The tea is this moment setting out.

Do not have your coloured muslin unless you really want it, because I am afraid I could not send it to the coach without giving trouble here.

Eliza caught her cold on Sunday in our way to the D'Entraigues. The horses actually gibbed on this side of Hyde Park Gate: a load of fresh gravel made it a formidable hill to them, and they refused the collar; I believe there was a sore shoulder to irritate. Eliza was frightened and we got out, and were detained in the evening air several minutes. The cold is in her chest, but she takes care of herself, and I hope it may not last long.

This engagement prevented Mr. Walter's staying late -- he had his coffee and went away. Eliza enjoyed her evening very much, and means to cultivate the acquaintance; and I see nothing to dislike in them but their taking quantities of snuff. Monsieur, the old Count, is a very fine-looking man, with quiet manners, good enough for an Englishman, and, I believe, is a man of great information and taste. He has some fine paintings, which delighted Henry as much as the son's music gratified Eliza; and among them a miniature of Philip V. of Spain, Louis XIV.'s grandson, which exactly suited my capacity. Count Julien's performance is very wonderful.

We met only Mrs. Latouche and Miss East, and we are just now engaged to spend next Sunday evening at Mrs. L.'s, and to meet the D'Entraigues, but M. le Comte must do without Henry. If he would but speak English, I would take to him.

Have you ever mentioned the leaving off tea to Mrs. K.? Eliza has just spoken of it again. The benefit she has found from it in sleeping has been very great.

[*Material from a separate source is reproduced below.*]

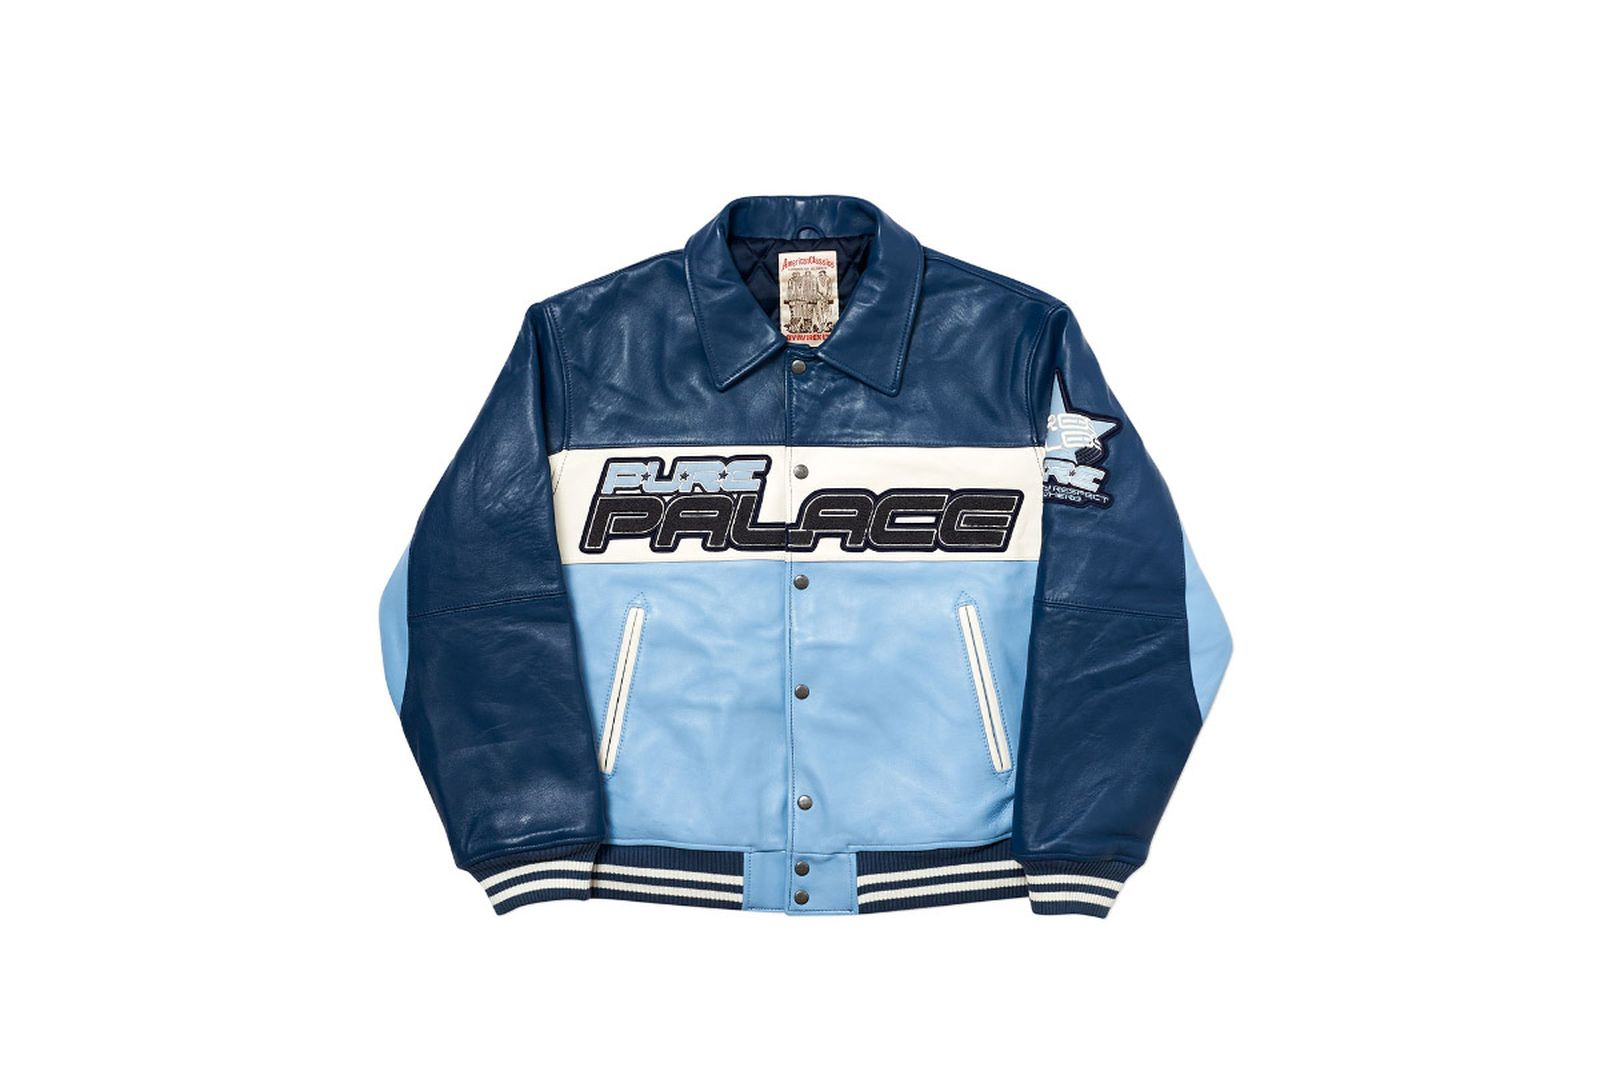 Palace 2019 Autumn Jacket Avirex blue fw19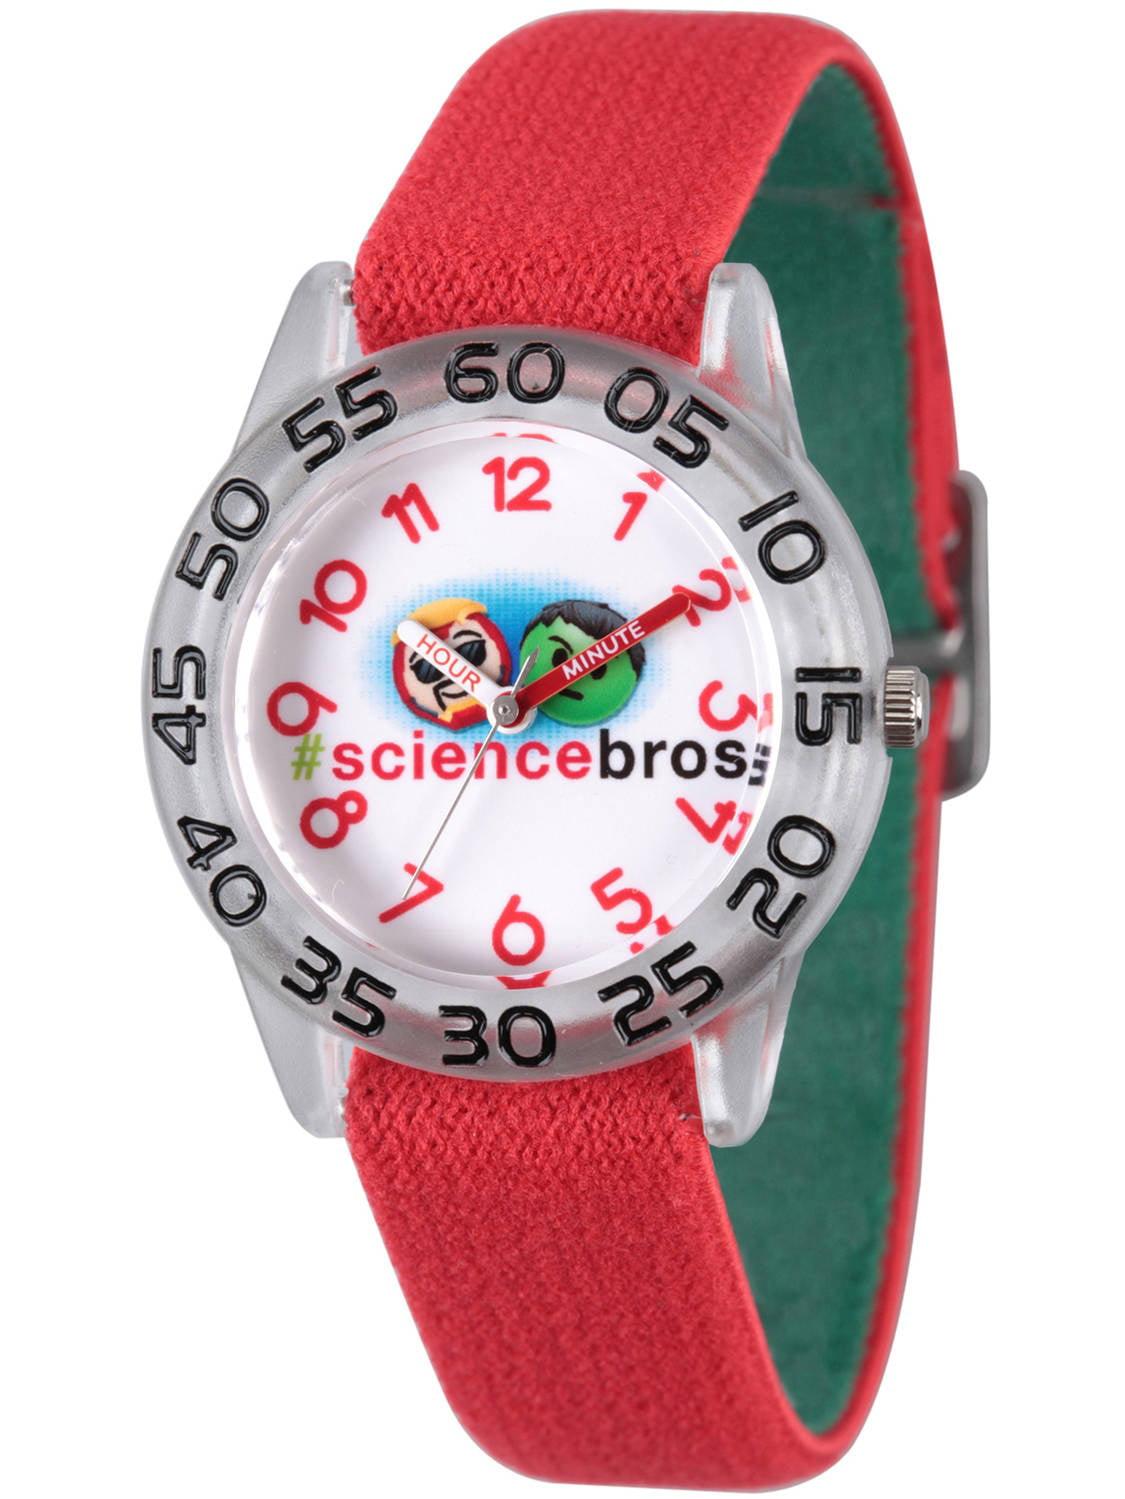 Emoji Kids' Iron Man and Hulk Clear Plastic Time Teacher Watch, Reversible Red and Green Elastic Nylon Strap

I shall write soon to Catherine to fix my day, which will be Thursday. We have no engagement but for Sunday. Eliza's cold makes quiet advisable. Her party is mentioned in this morning's paper. I am sorry to hear of poor Fanny's state. From that quarter, I suppose, is to be the alloy of her happiness. I will have no more to say. Yours affectionately,

J. A.

Give my love particularly to my goddaughter.

Miss Austen, Edward Austen's, Esq.
Godmersham Park, Faversham.


Sloane St.: Tuesday.


I had sent off my letter yesterday before yours came, which I was sorry for; but as Eliza has been so good as to get me a frank, your questions shall be answered without much further expense to you.

The best direction to Henry at Oxford will be The Blue Boar, Cornmarket.

I do not mean to provide another trimming for my pelisse, for I am determined to spend no more money; so I shall wear it as it is, longer than I ought, and then -- I do not know.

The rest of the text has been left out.